Based on how your team manages evidence, this view could be extended to include automated chaser reminders, integration with your document management system, or custom issue types mapped to your own audit standards.
Finding Logs: structured findings with AI-suggested reconciliation

Findings logged inconsistently across an audit are hard to track, harder to resolve, and almost impossible to report on cleanly. This tab illustrates how a team might design a structured findings register that gives every issue a clear owner, status, and path to resolution.
Five KPI cards show total findings, critical, overdue, received, and resolved. Each finding card shows the audit area, date identified, financial impact, owner, severity, and current status - alongside an AI Suggested Reconciliation that tells the auditor exactly what remediation action is recommended, in plain language. Filters by audit area, status, and owner let the team cut to what needs attention most urgently.
We'd recommend thinking carefully about how finding severity and reconciliation logic maps to your own audit standards when building this out - that's where the AI suggestions become genuinely useful rather than generic.
Sign-off & Approvals: a clear path from prepared to final approval

The final stage of any audit is where delays tend to compound - sections blocked on missing evidence, approvals stuck with reviewers who haven't been chased, sign-offs happening informally with no documented trail. This tab shows one way to design a methodical sign-off workflow that makes the path to completion visible and accountable.
Five KPI cards show sections ready for sign-off, pending review, blocked, approved, and high-risk open findings.

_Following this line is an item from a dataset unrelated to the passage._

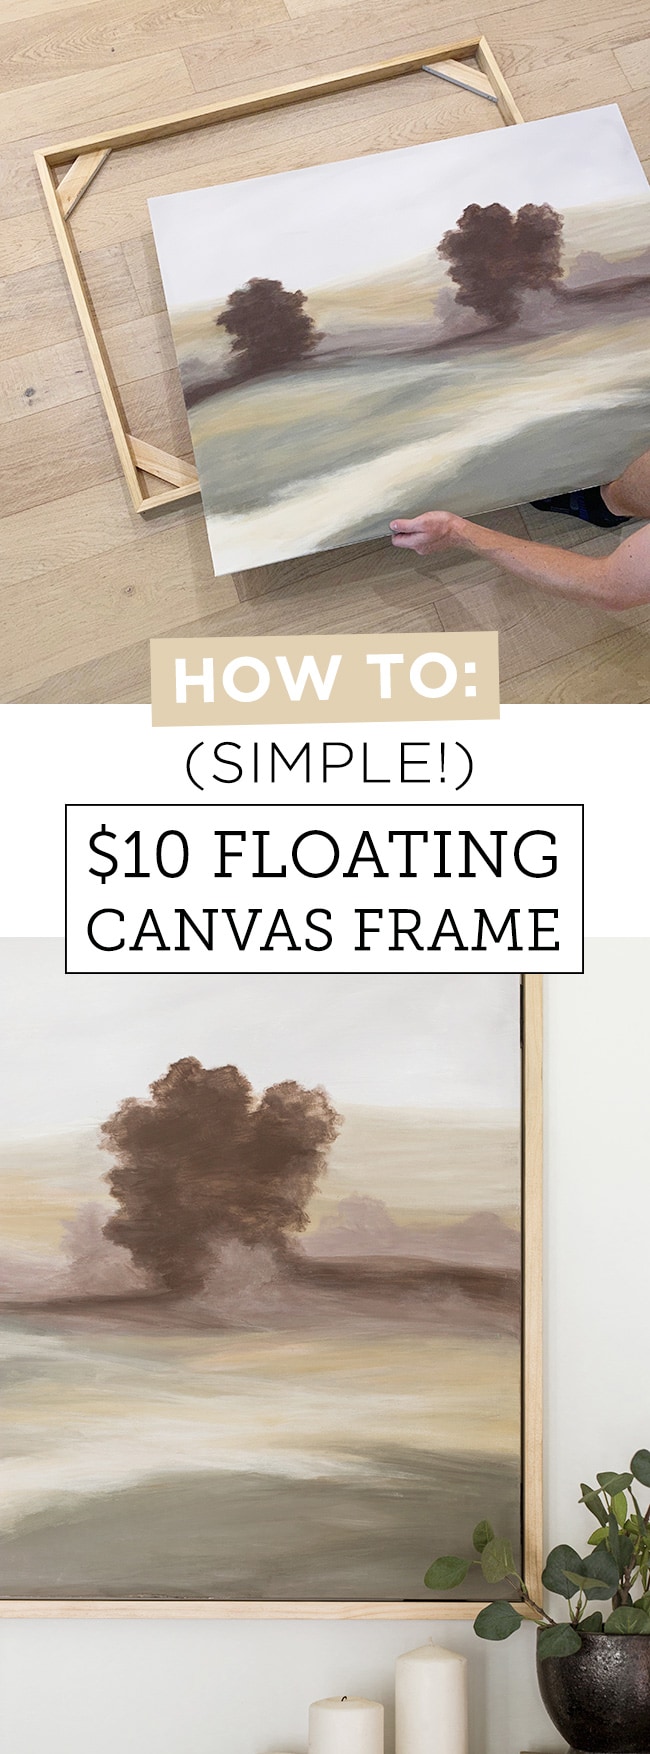 How to Make a Reverse Canvas: Easy & Inexpensive Framed Art!
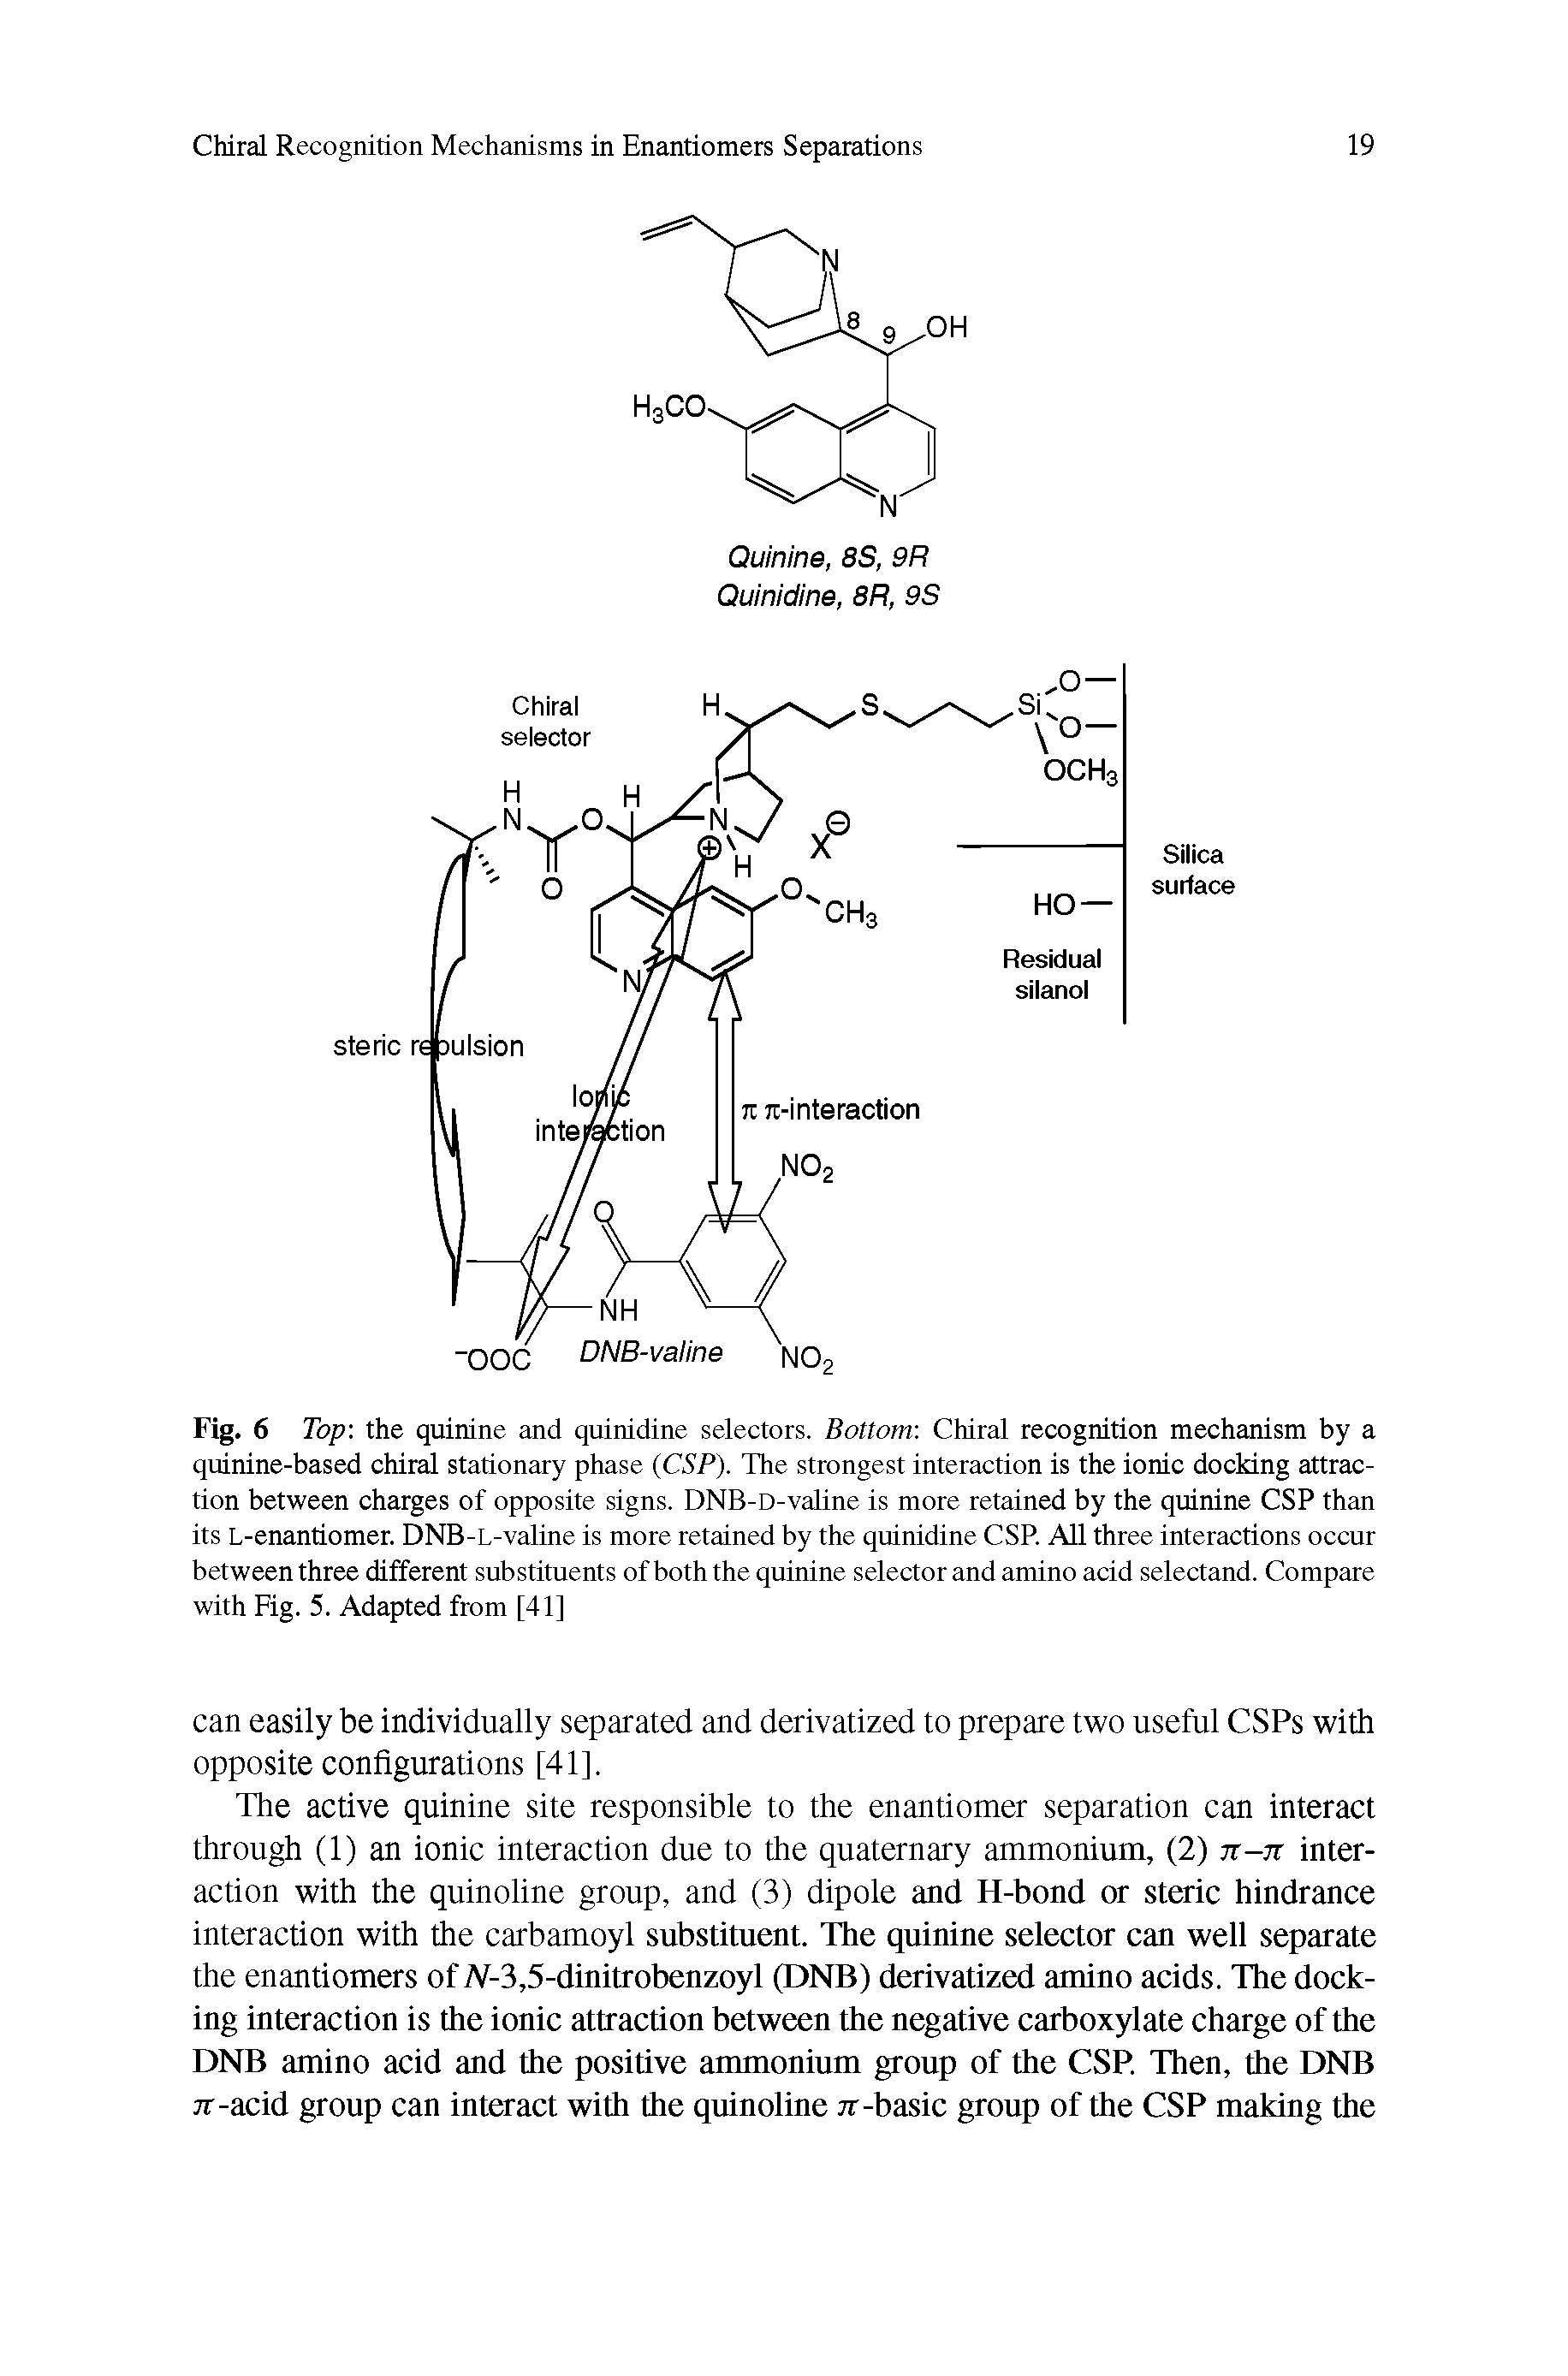 Fig. 6 Top the quinine and quinidine selectors. Bottom Chiral recognition mechanism by a quinine-based chiral stationary phase (CSP). The strongest interaction is the ionic docking attraction between charges of opposite signs. DNB-D-valine is more retained by the quinine CSP than its L-enantiomer. DNB-L-valine is more retained by the quinidine CSP. All three interactions occur between three different substituents of both the quinine selector and amino acid selectand. Compare with Fig. 5. Adapted from [41]...

An audit sections list on the left shows every area with its current status and risk level. Selecting a section opens a detailed view: evidence completion progress, a findings summary broken down by severity, a visual approval flow showing where the section sits in the prepared → reviewed → approved → final approval chain, and an AI Recommendation advising on what needs to be resolved before sign-off can proceed.
The approval chain here is a starting point - the right structure for your team will depend on how many review stages you run and who holds final sign-off authority. If you need help adapting the template for your company’s particular context, reach out and we can work with you to make the perfect app for your team.
Download the template and get building ⬇️
Audit teams don't need more tools - they need one that's actually built around how they work. This template is a starting point for that conversation: a blueprint that shows what structured, AI-assisted audit management could look like in practice, before a single line of custom code is written.